What you will do –
Print out the data that follows exactly, character for character, apart from the pictures.

Recorded information –

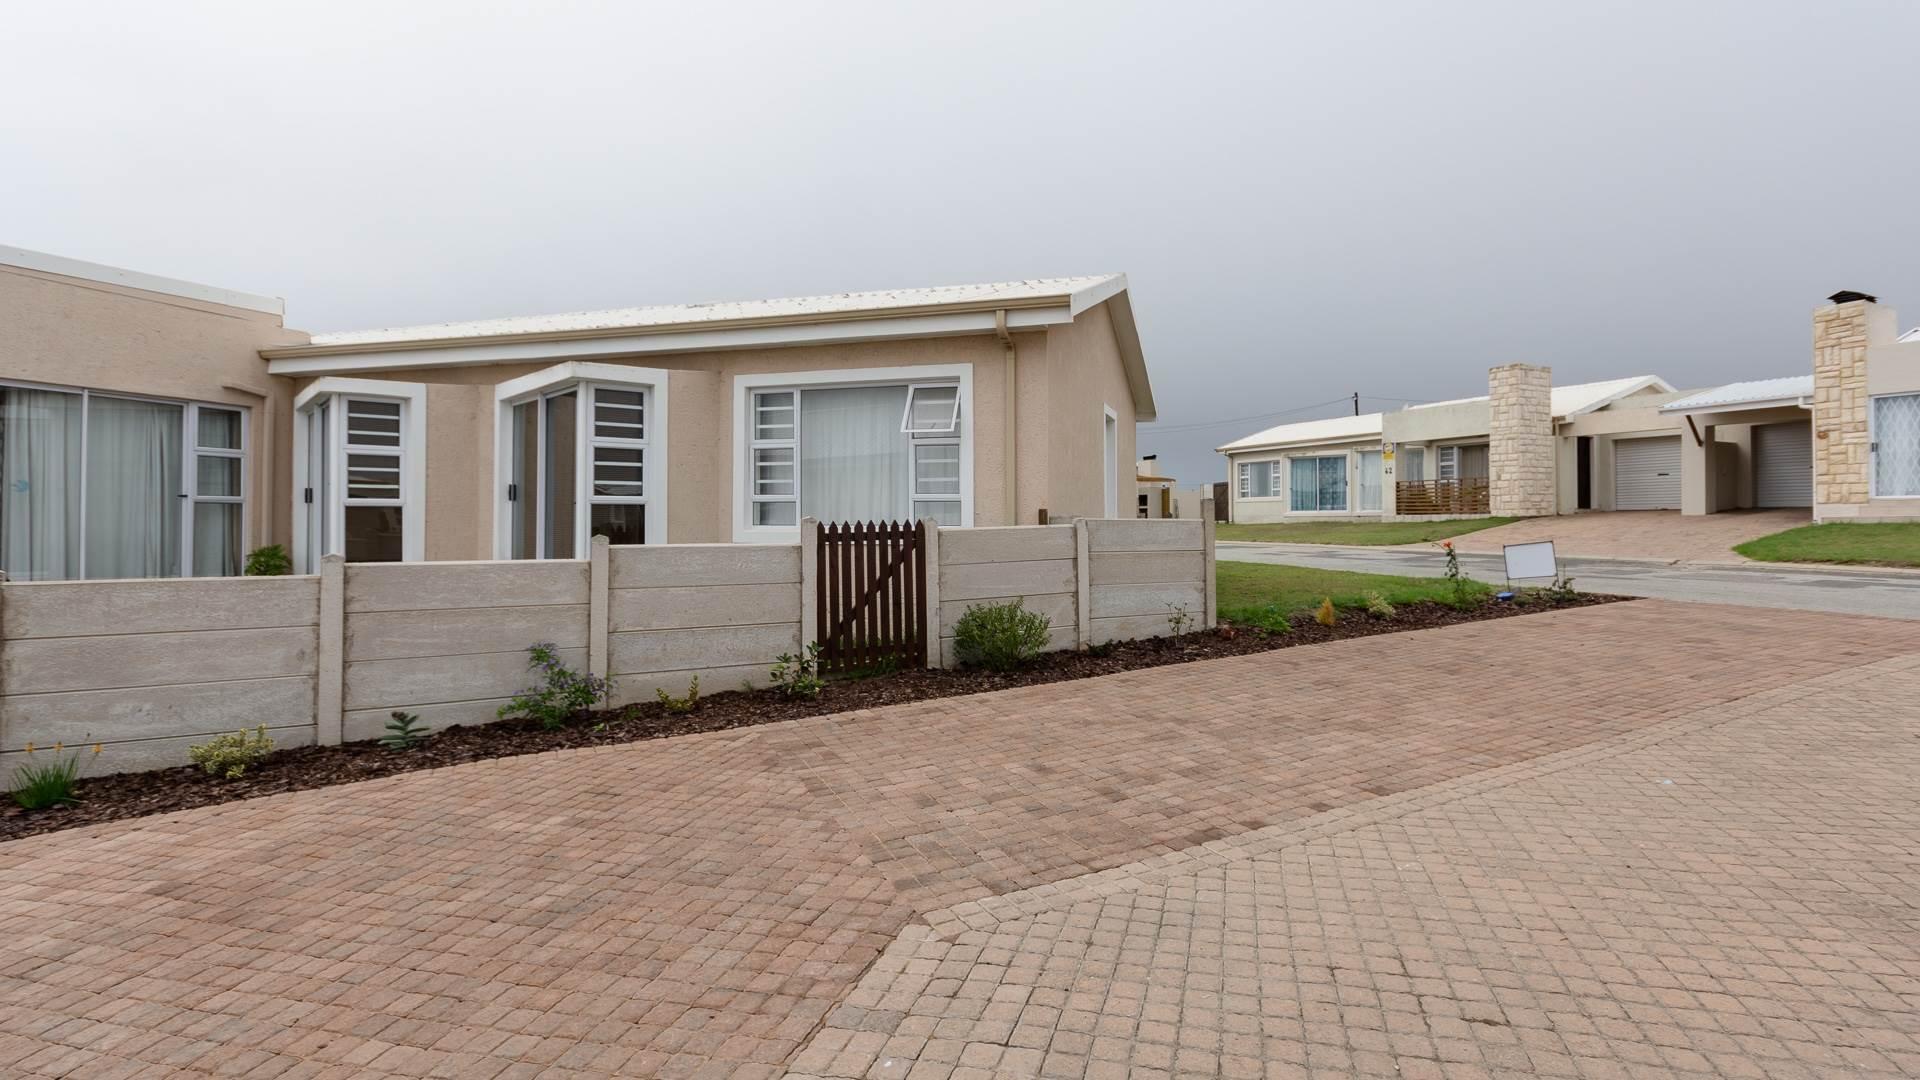 3 BedroomHouse For Sale In Heiderand
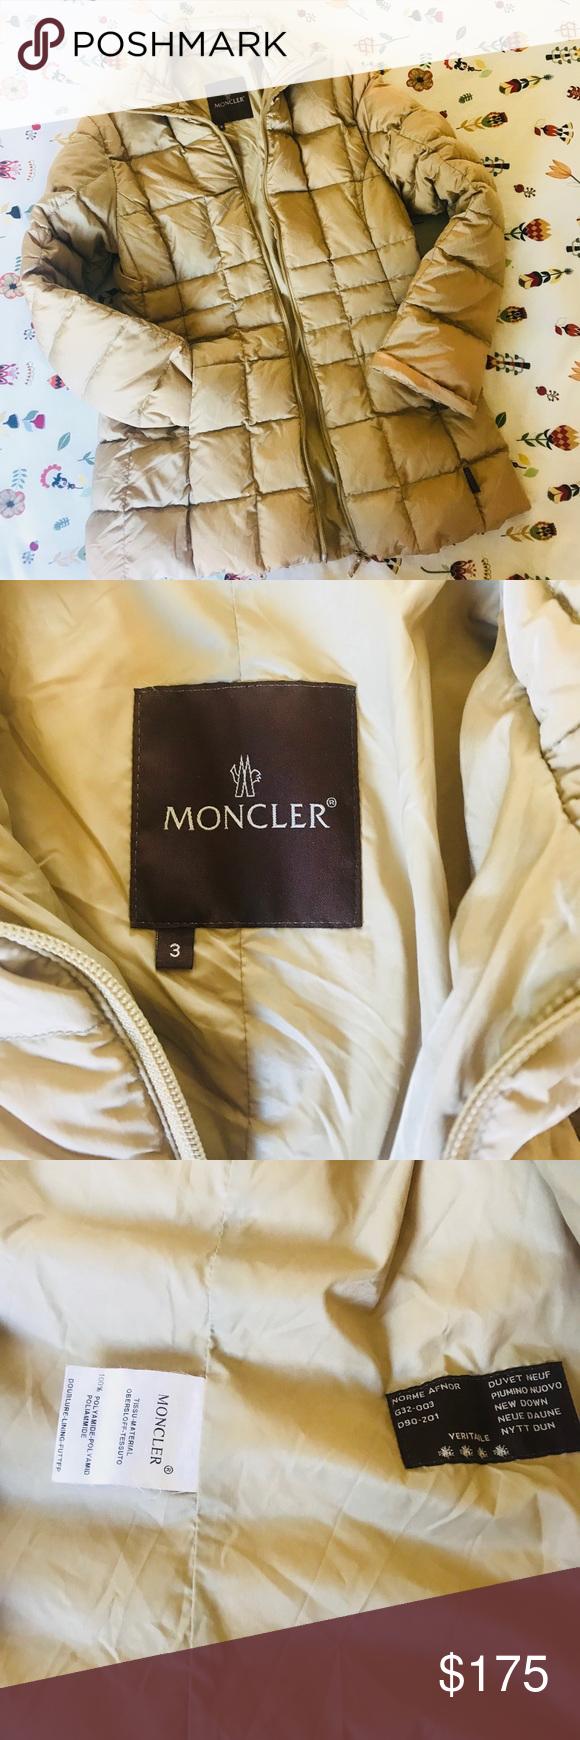 Women's Tan Moncler Jacket Duvet Down XiuOlZkwPT
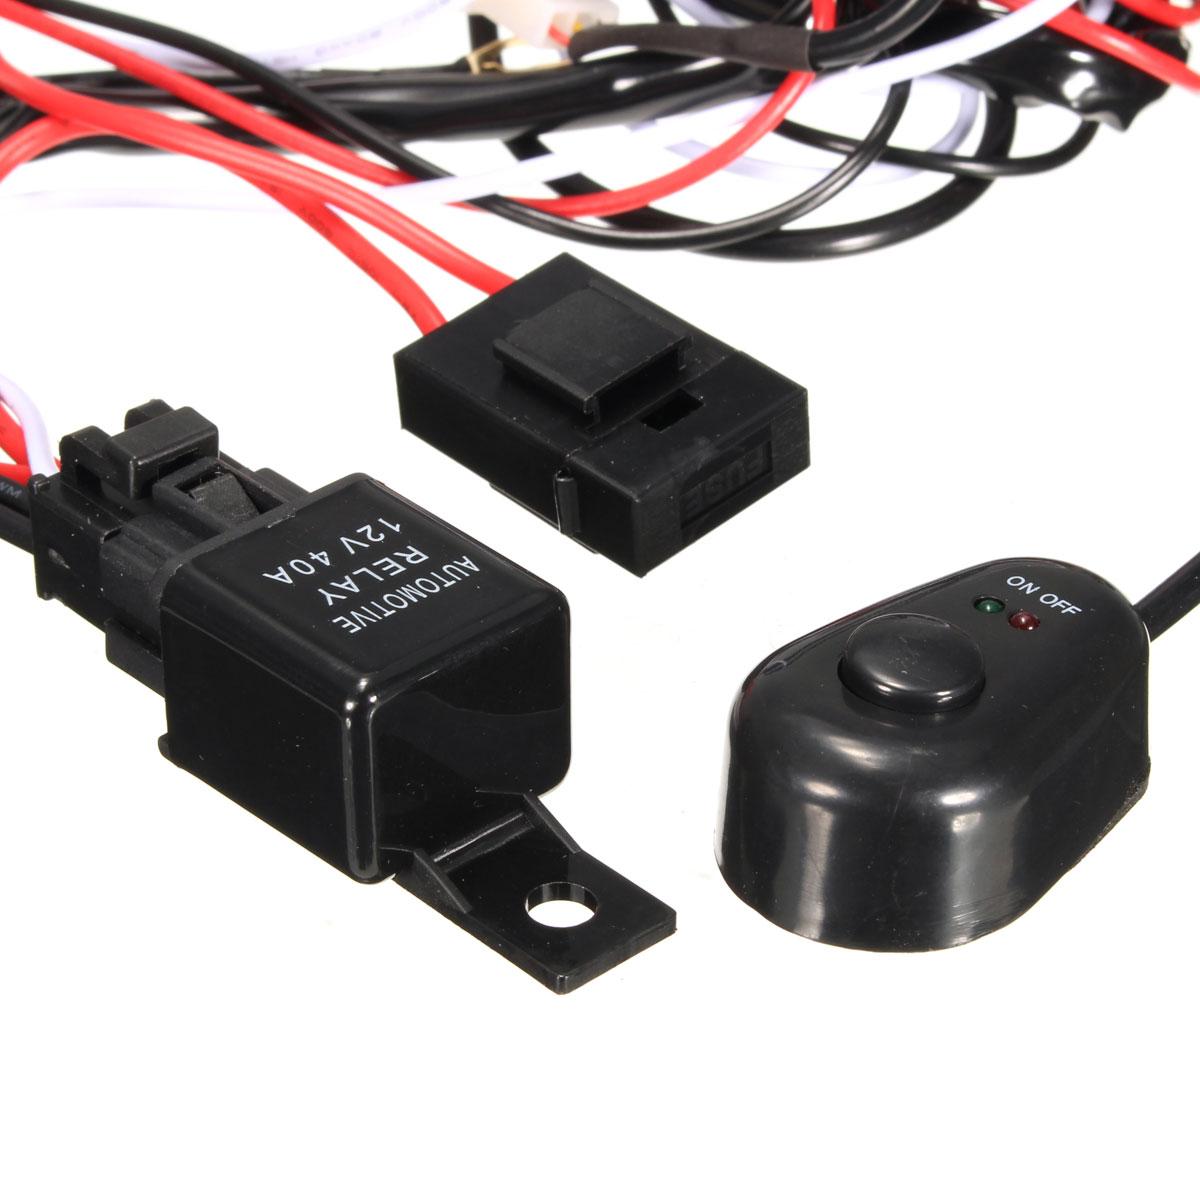 Led Light Bar Wiring Loom Harness 40a Switch Relay Kit Work Light 12v
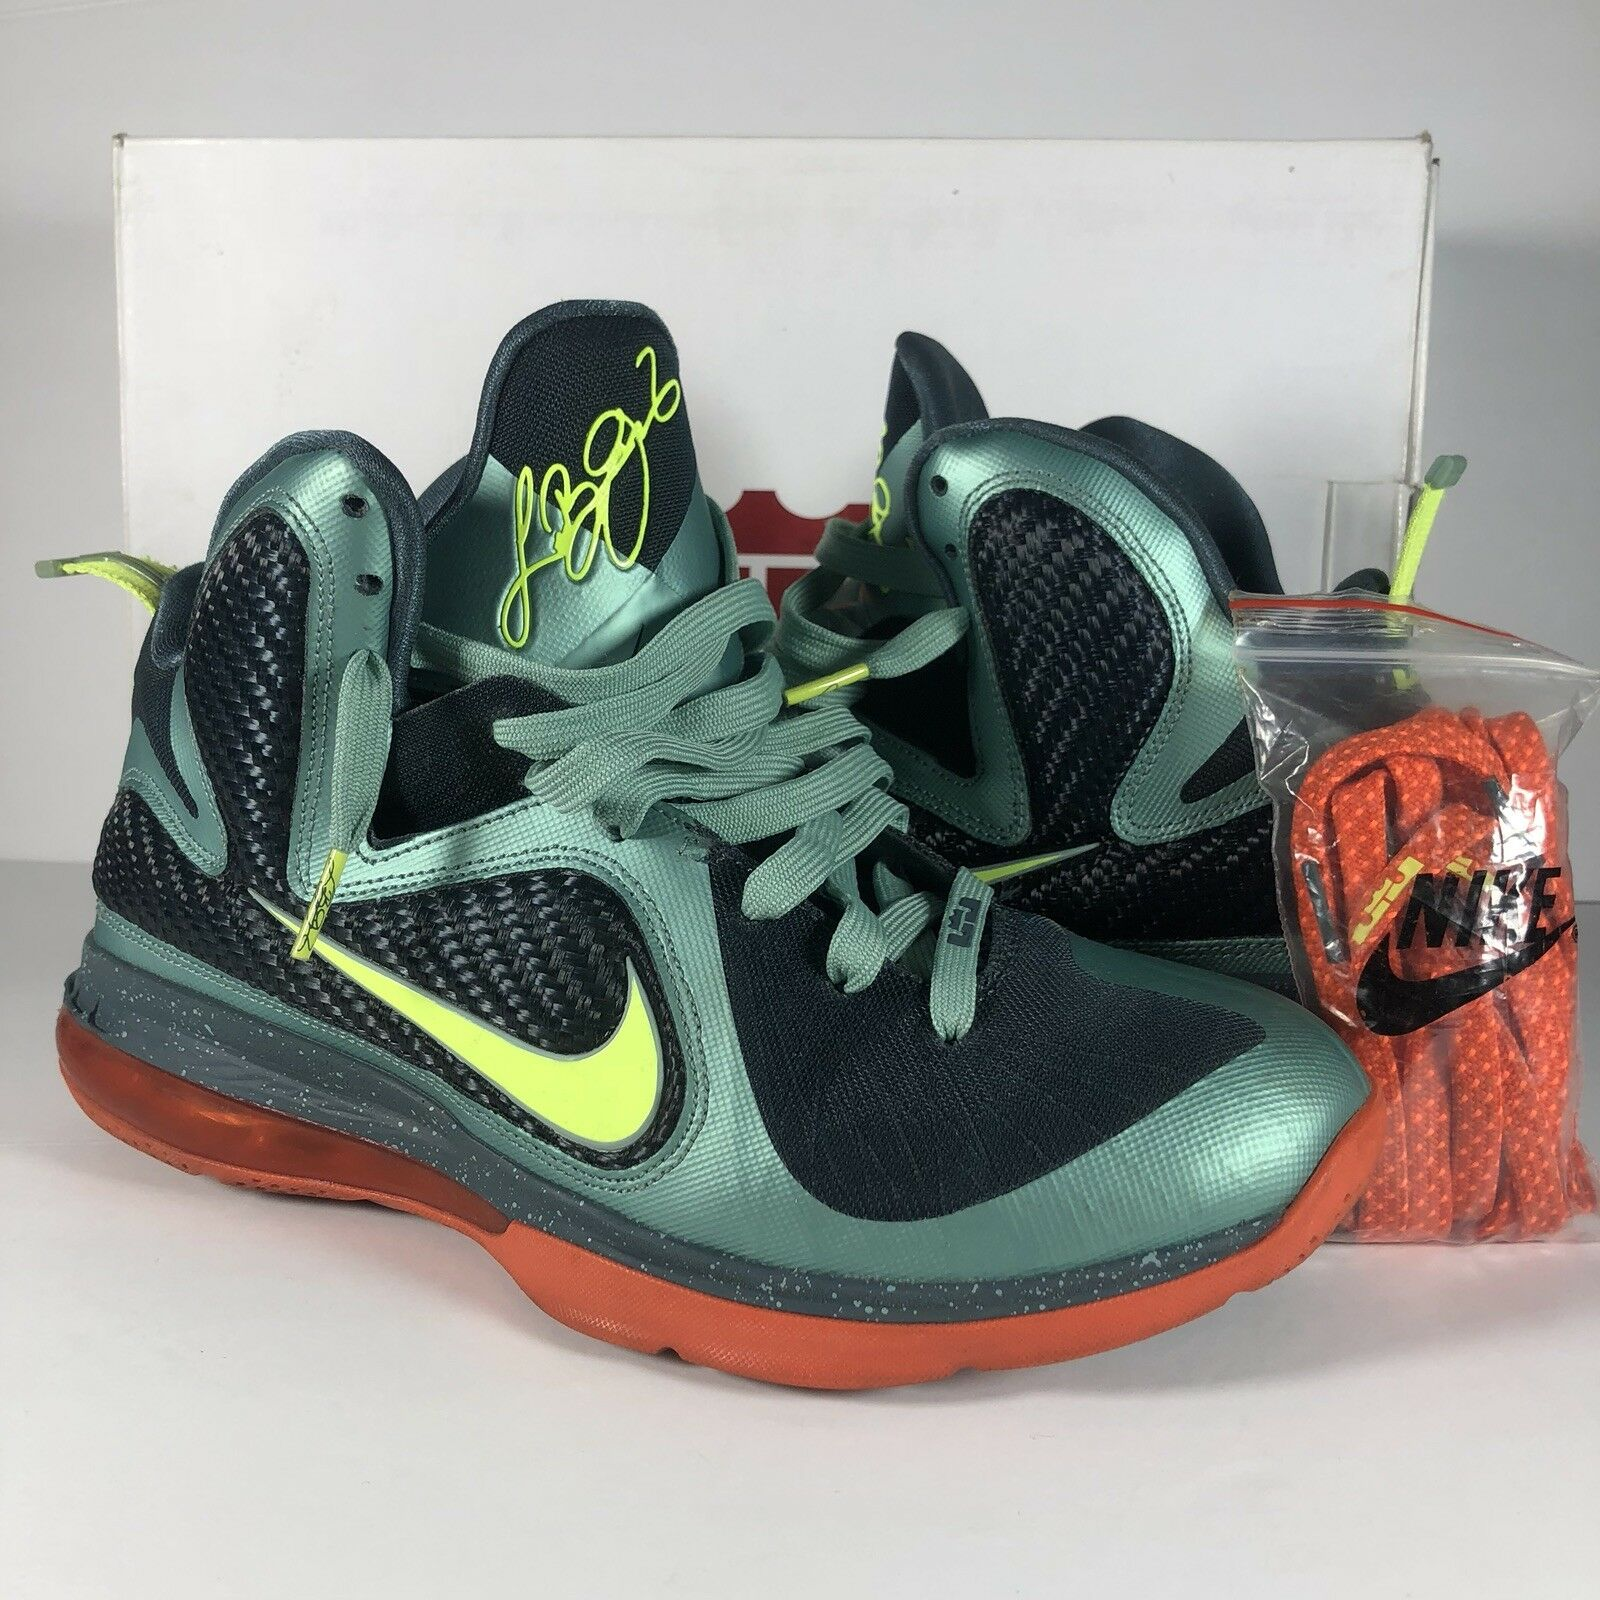 Nike LEBRON IX 9 Cannon Men's shoes 469764-004 Volt Slate bluee orange Sz 9

Finished task –
 3 BedroomHouse For Sale In Heiderand
 Women's Tan Moncler Jacket Duvet Down XiuOlZkwPT
 Led Light Bar Wiring Loom Harness 40a Switch Relay Kit Work Light 12v
 Nike LEBRON IX 9 Cannon Men's shoes 469764-004 Volt Slate bluee orange Sz 9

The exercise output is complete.